• _TASK DESCRIPTION_:
Using the listing below, retype only the lines from the line with "groom nuzzles bride's cheek under veil" through the end, both ends included, and exclude the pictures.

• _SUPPLIED MATERIAL_:
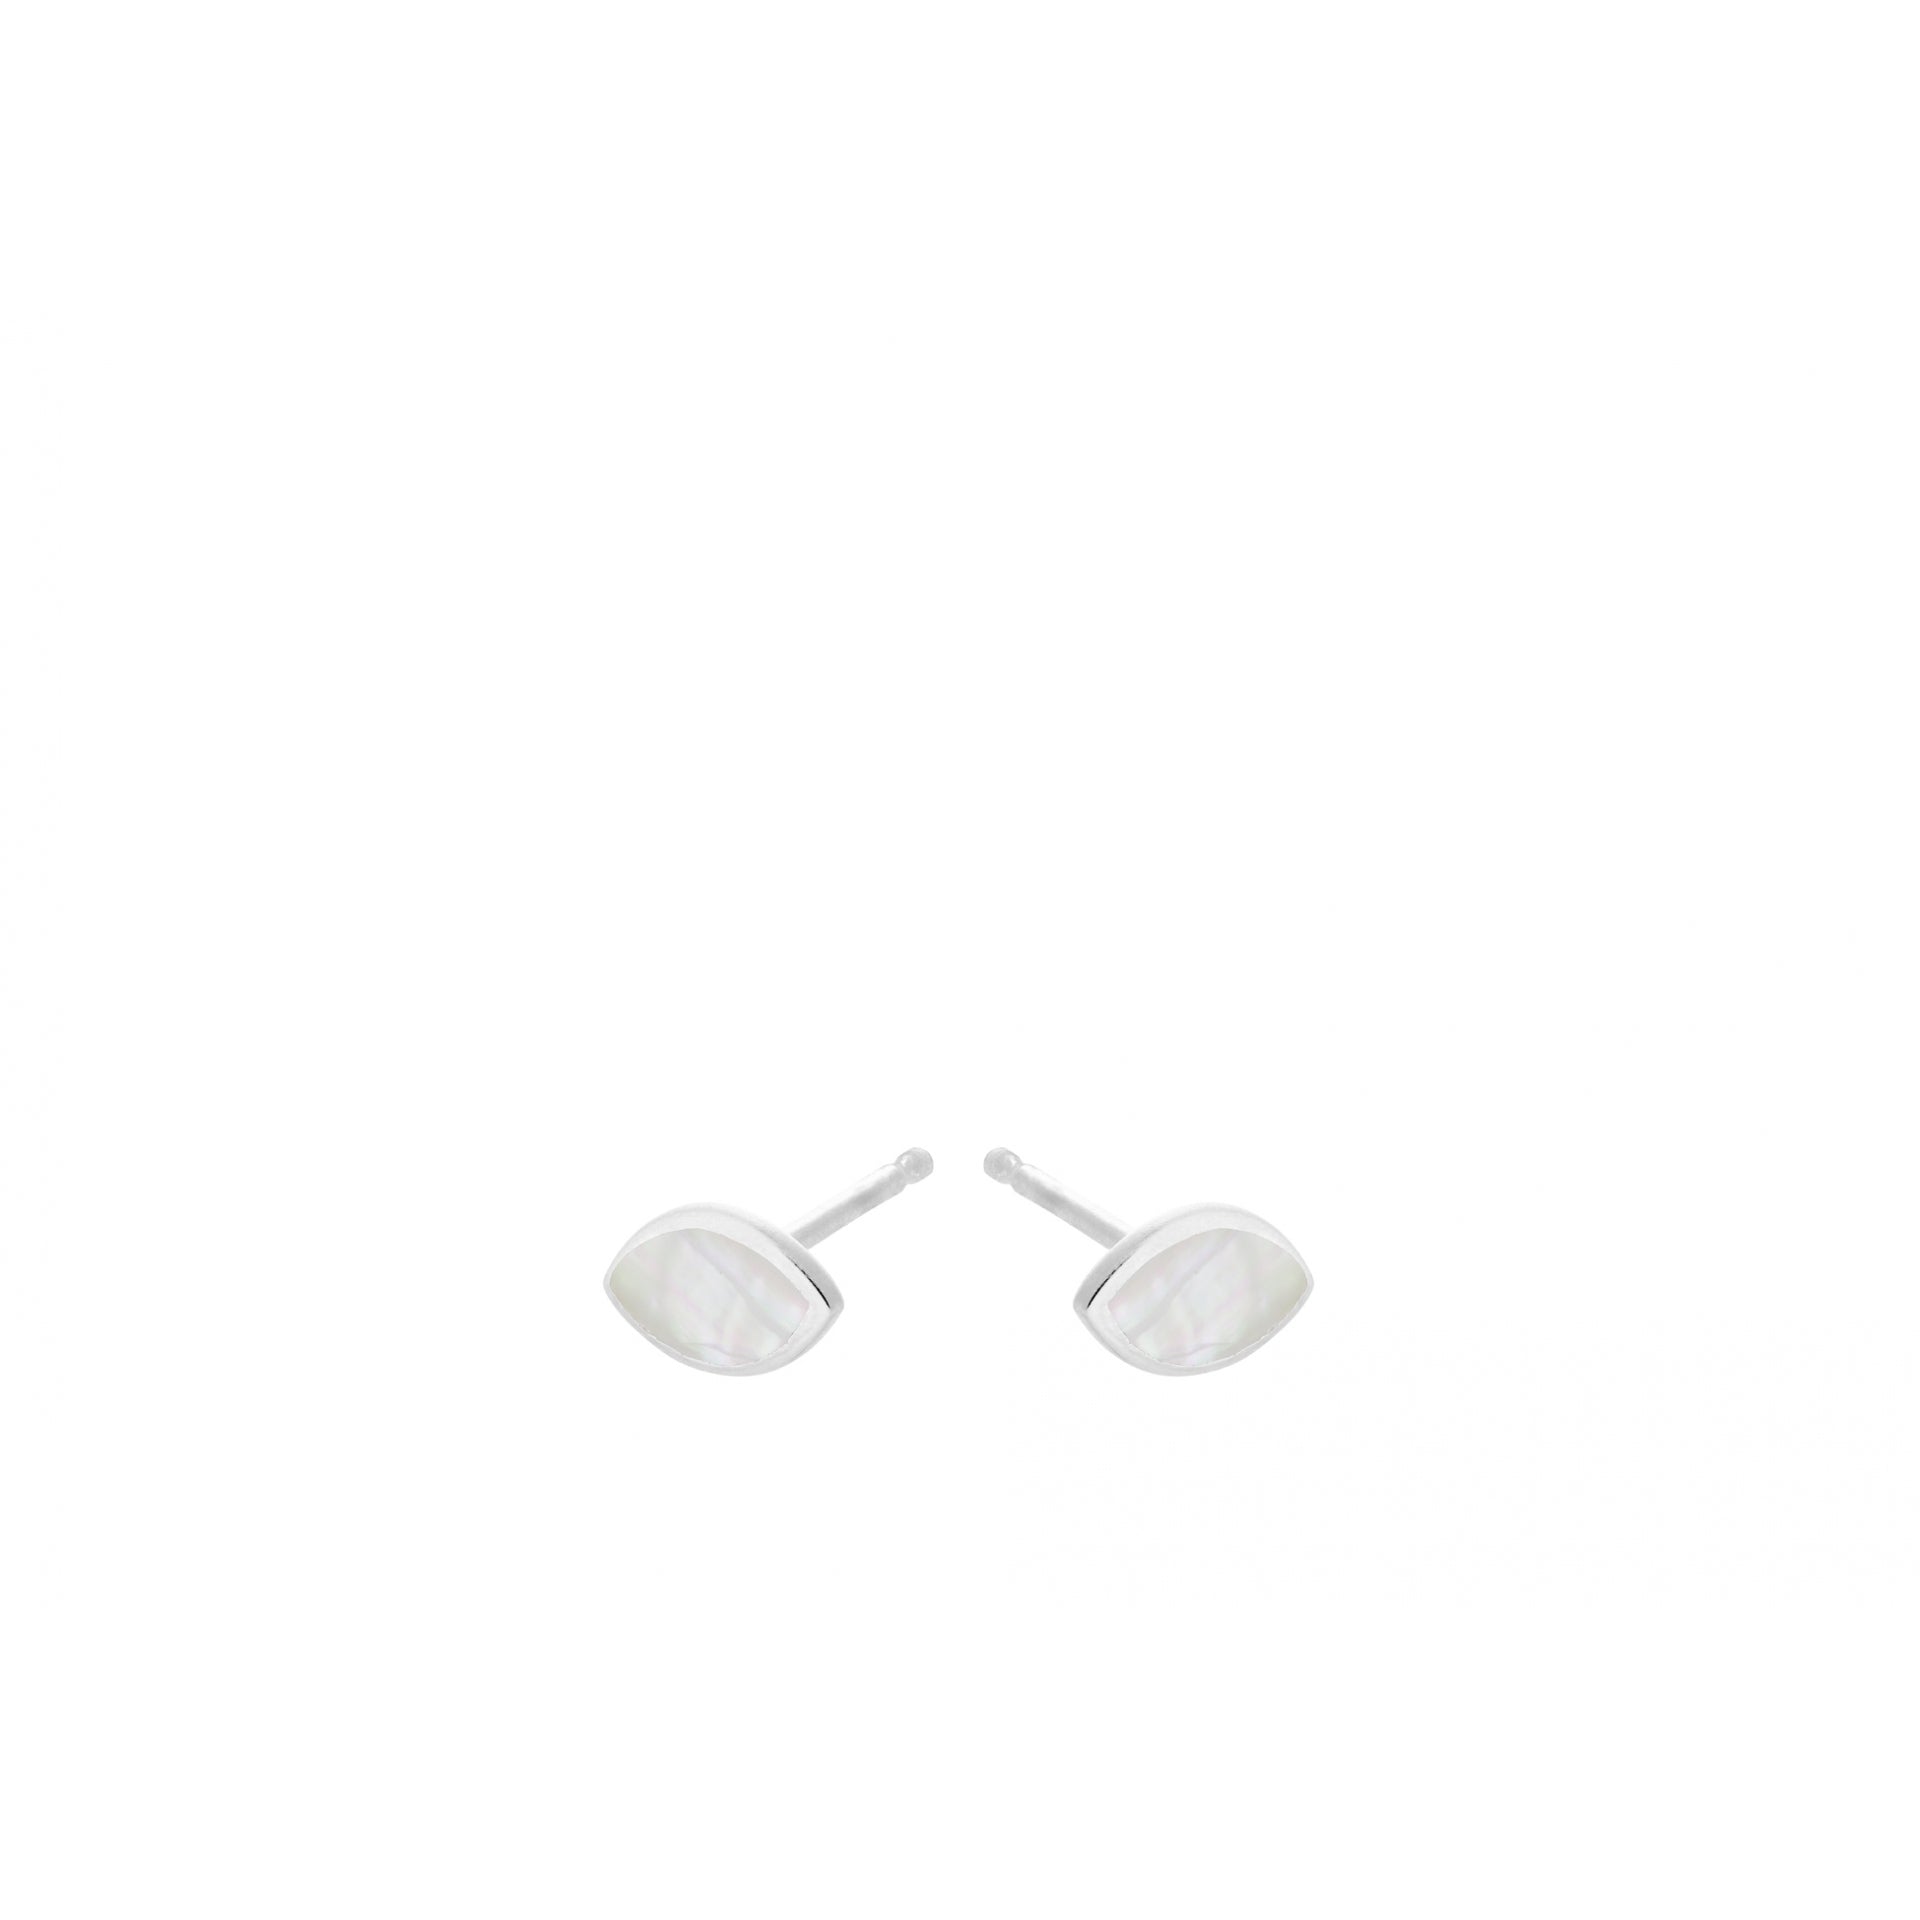 Flake Earsticks Earrings in Silver w. Mother of Pearl
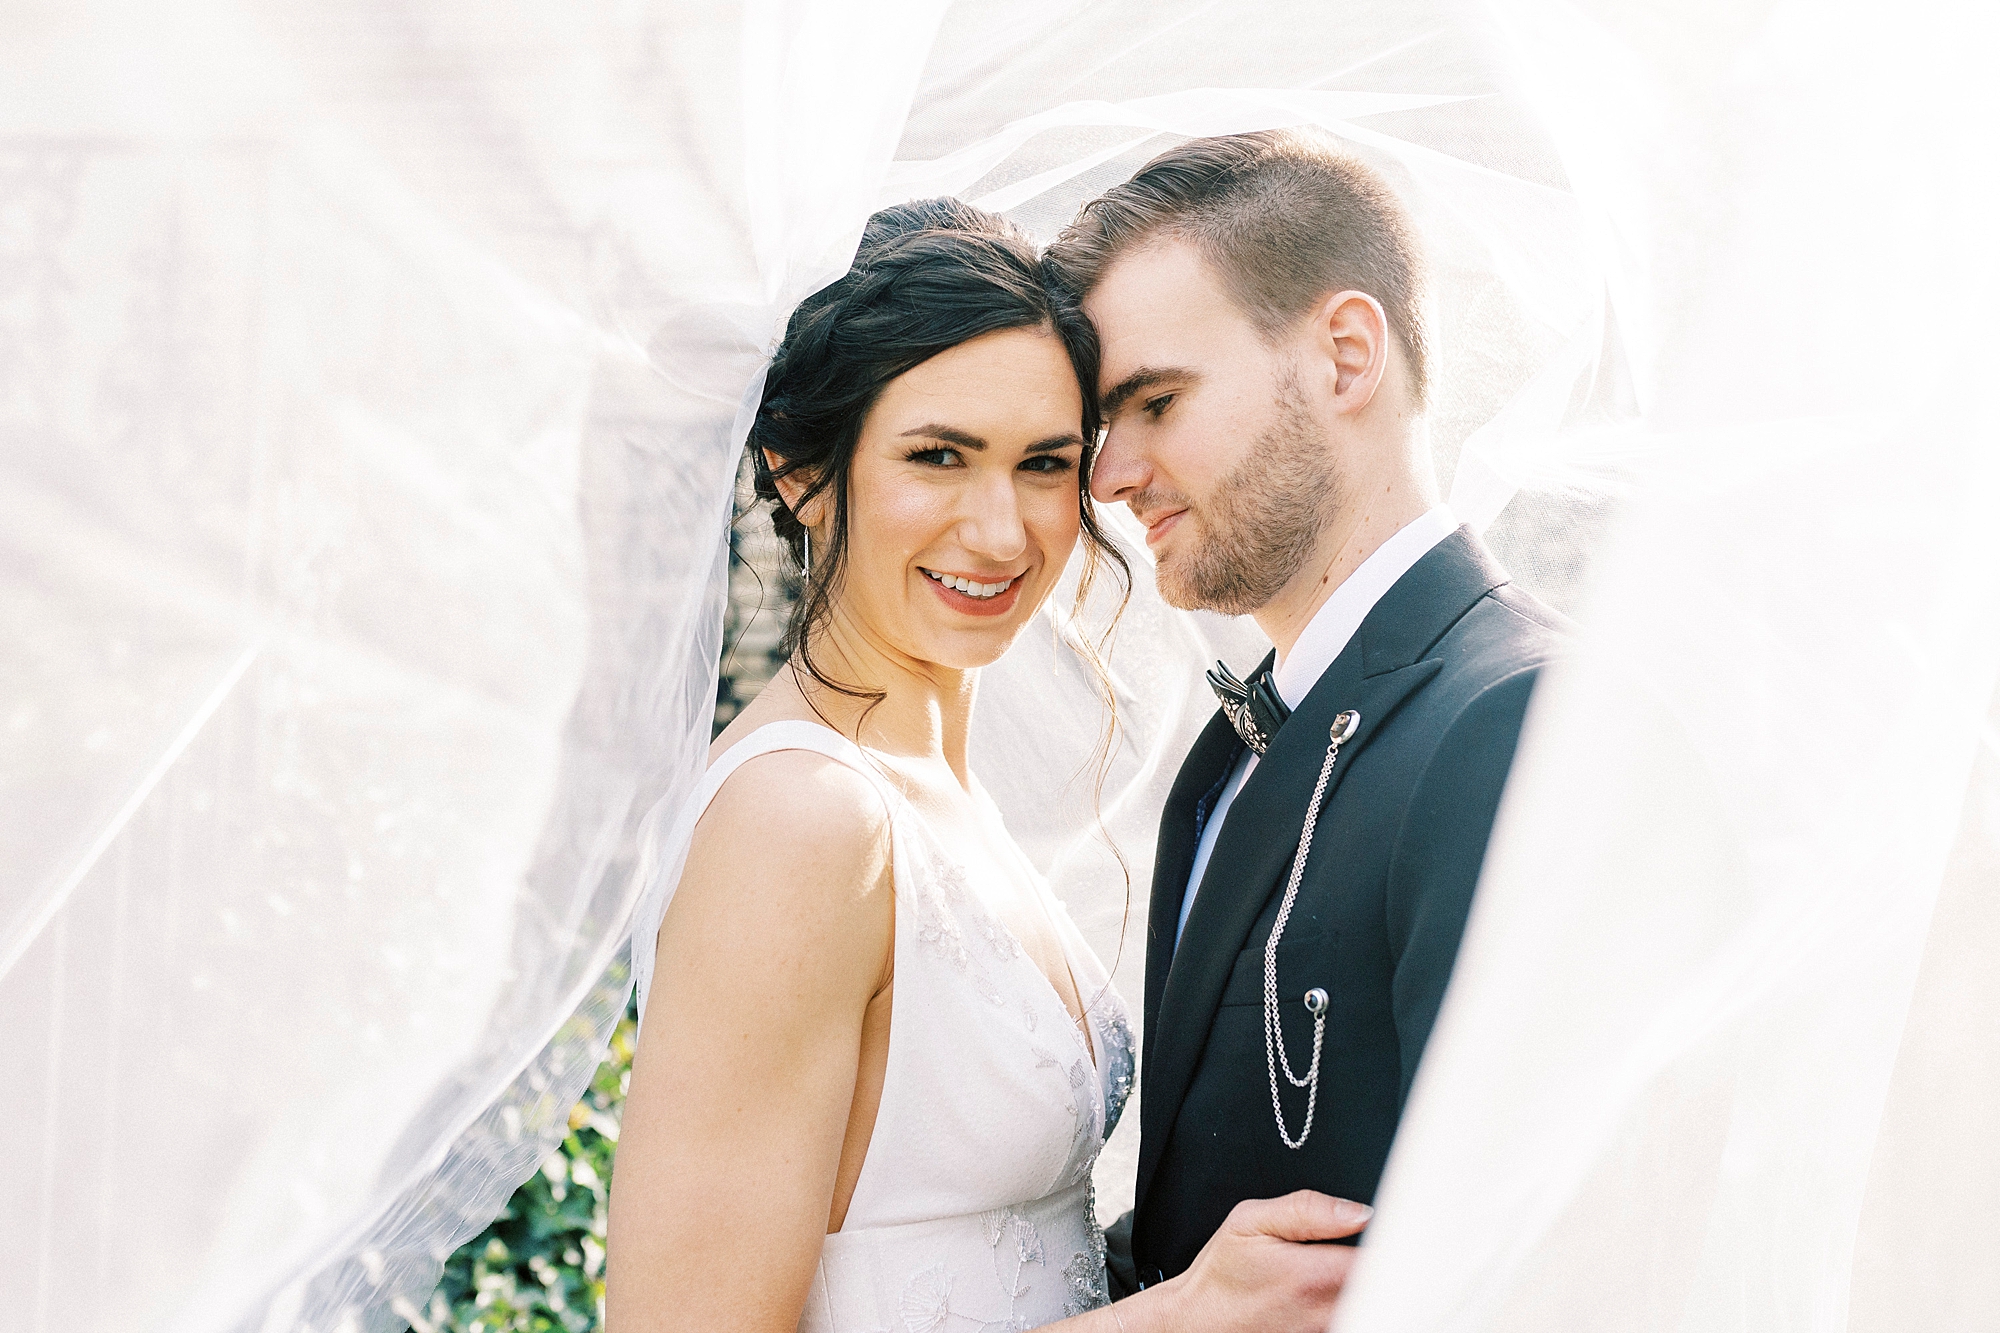 groom nuzzles bride's cheek under veil 
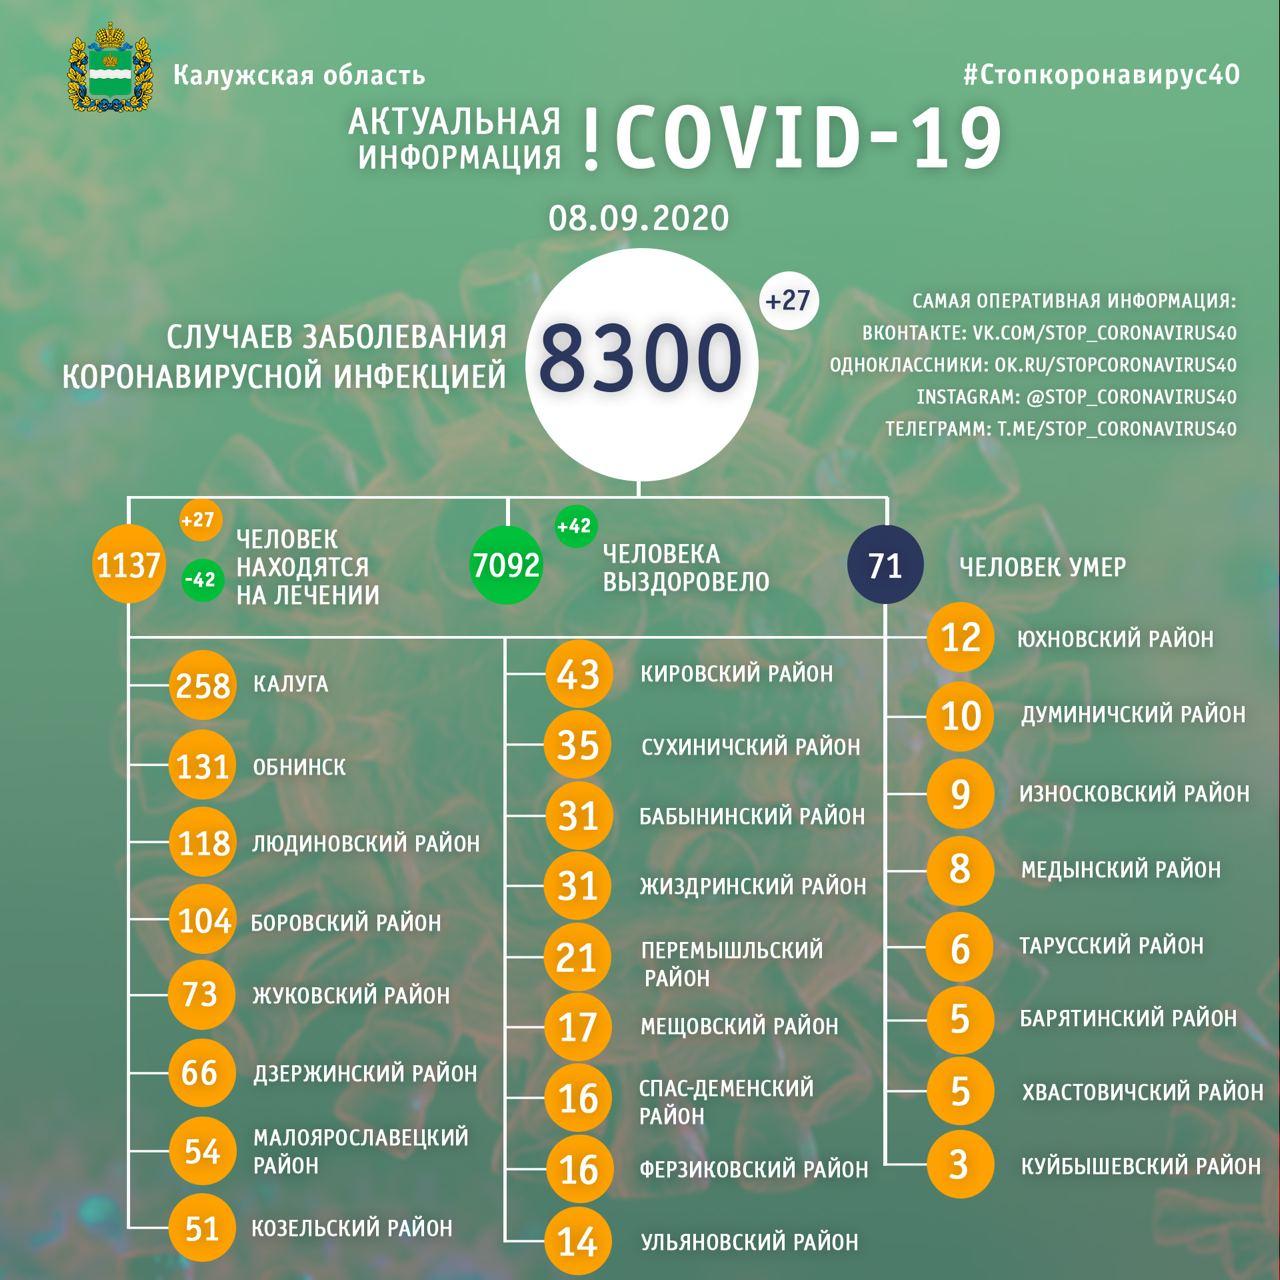 Официальная статистика по коронавирусу в Калужской области на 8 сентября 2020 года.

• _THE COMPLETED TASK_:
 groom nuzzles bride's cheek under veil 
 Официальная статистика по коронавирусу в Калужской области на 8 сентября 2020 года.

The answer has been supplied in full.